Another Idea (reason) for vlans is to limited Broadcast traffic. Normally, such traffic would stay inside a vlan x and not cross over to vlan y. Routers will stop B-cast traffic.

Regards, ML
**Please Rate All Helpful Responses **

sts1983 · ‎04-23-2020

Thank you for quick reply.

I am trying to find solutions for real system. In this system, there are 15 IP cameras and they are spread over wide area. Cameras are connected with radio links and just regular switches (without any logic) in between. Radio Links are mostly connected in chains. There are more end users who are watching those IP cameras, and some cameras are watched more than once and not on the sam place.

That is problem...I have divided IP cameras into different VLAN(arround 5 VLANs) by some logic. I would use switch L2 and router. I am asking how to when I bring IP traffic to the routers port(router on a stick) with for an example 3 VLANs, how to translate that traffic to another port on router where I can connect PC that has app for watching those cameras?

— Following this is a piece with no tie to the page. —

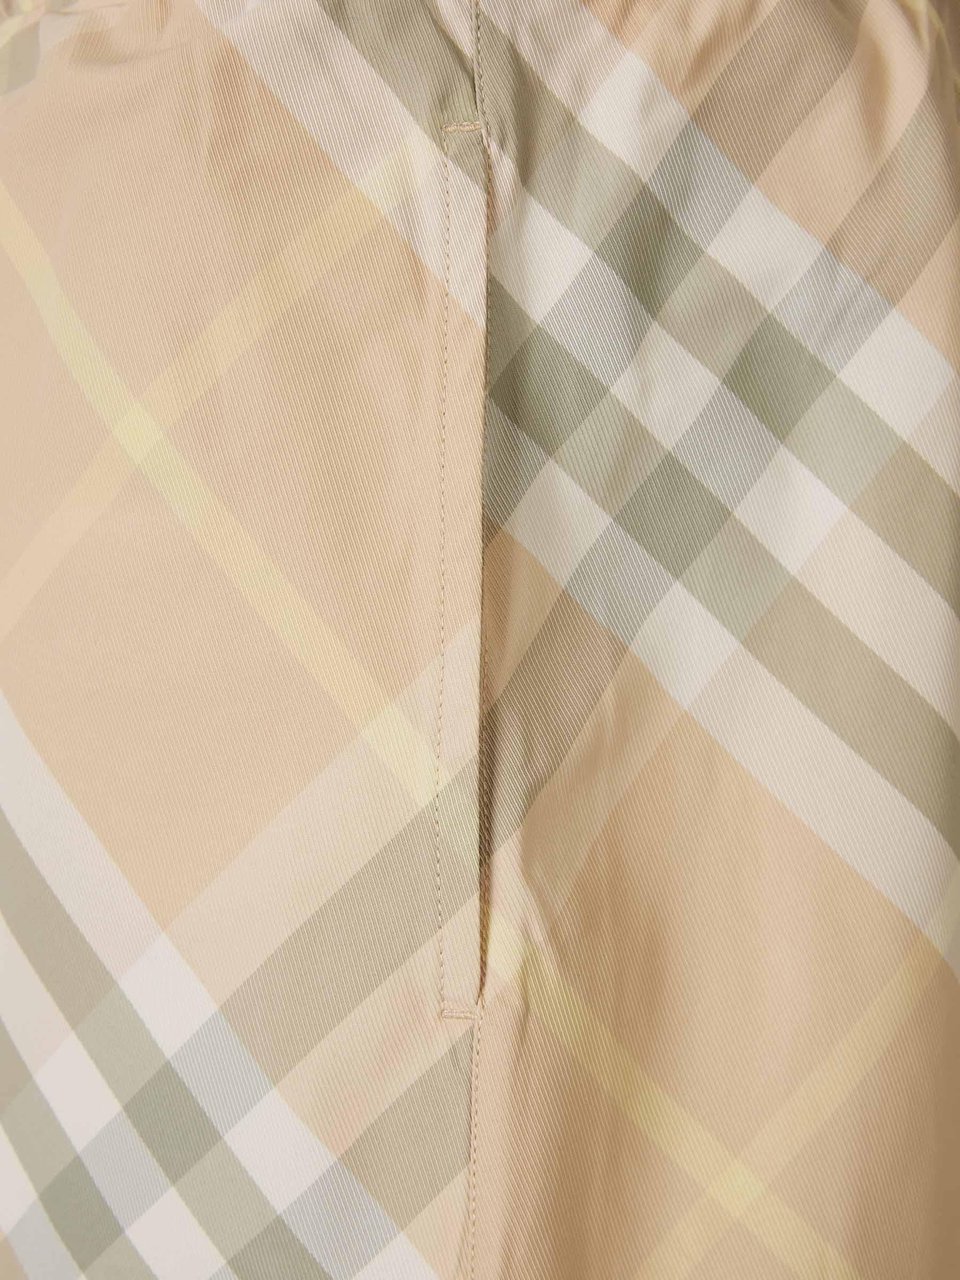 Burberry Checked Motif Swimsuit Beige

Georg Pauwen · ‎04-23-2020

Hello,

by default, if your use router-on-a-stick, all configured subinterfaces and all configured other interfaces on the router can communicate. So it does not really matter where the PC you use to monitor the IP camera traffc with is connected to. As long as there is IP connectivity, everything should be visible.

sts1983 · ‎04-23-2020

Thank you for reply.

So if I understood correctly, from SW1 comes VLAN 10 and from SW2 comes VLAN 20 to router port G0/0. I make router on a stick with

G0/0.10 and G0/0.20 and those VLAN are connected.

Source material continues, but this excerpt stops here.